The trace state information for distributed tracing.

type baggage:

string

param baggage:

Additional context information for distributed tracing.

type agentRuntimeArn:

string

param agentRuntimeArn:

[REQUIRED]

The Amazon Web Services Resource Name (ARN) of the agent runtime to invoke. The ARN uniquely identifies the agent runtime resource in Amazon Bedrock.

type qualifier:

string

param qualifier:

The qualifier to use for the agent runtime. This can be a version number or an endpoint name that points to a specific version. If not specified, Amazon Bedrock uses the default version of the agent runtime.

type accountId:

string

param accountId:

The identifier of the Amazon Web Services account for the agent runtime resource.

type payload:

bytes or seekable file-like object

param payload:

[REQUIRED]

The input data to send to the agent runtime. The format of this data depends on the specific agent configuration and must match the specified content type. For most agents, this is a JSON object containing the user's request.

rtype:

dict

returns:

Response Syntax

{
    'runtimeSessionId': 'string',
    'mcpSessionId': 'string',
    'mcpProtocolVersion': 'string',
    'traceId': 'string',
    'traceParent': 'string',
    'traceState': 'string',
    'baggage': 'string',
    'contentType': 'string',
    'response': StreamingBody(),
    'statusCode': 123
}

Response Structure

  • (dict) --

    • runtimeSessionId (string) --

      The identifier of the runtime session.
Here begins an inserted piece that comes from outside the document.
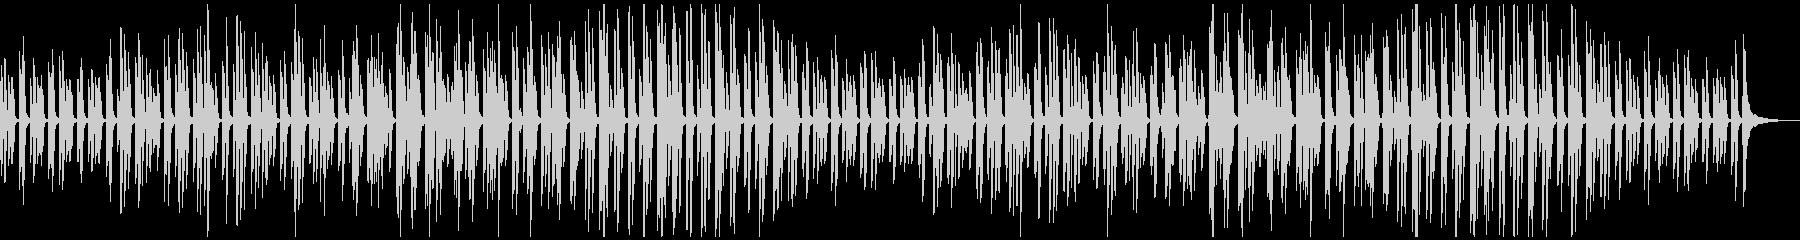 可愛くほんわか癒される日常のBGMの未再生の波形

    • mcpSessionId (string) --

      The identifier of the MCP session.

    • mcpProtocolVersion (string) --

      The version of the MCP protocol being used.

    • traceId (string) --

      The trace identifier for request tracking.

    • traceParent (string) --

      The parent trace information for distributed tracing.

    • traceState (string) --

      The trace state information for distributed tracing.

    • baggage (string) --

      Additional context information for distributed tracing.

    • contentType (string) --

      The MIME type of the response data. This indicates how to interpret the response data. Common values include application/json for JSON data.

    • response (:class:`.StreamingBody`) --

      The response data from the agent runtime. The format of this data depends on the specific agent configuration and the requested accept type. For most agents, this is a JSON object containing the agent's response to the user's request.

    • statusCode (integer) --

      The HTTP status code of the response. A status code of 200 indicates a successful operation. Other status codes indicate various error conditions.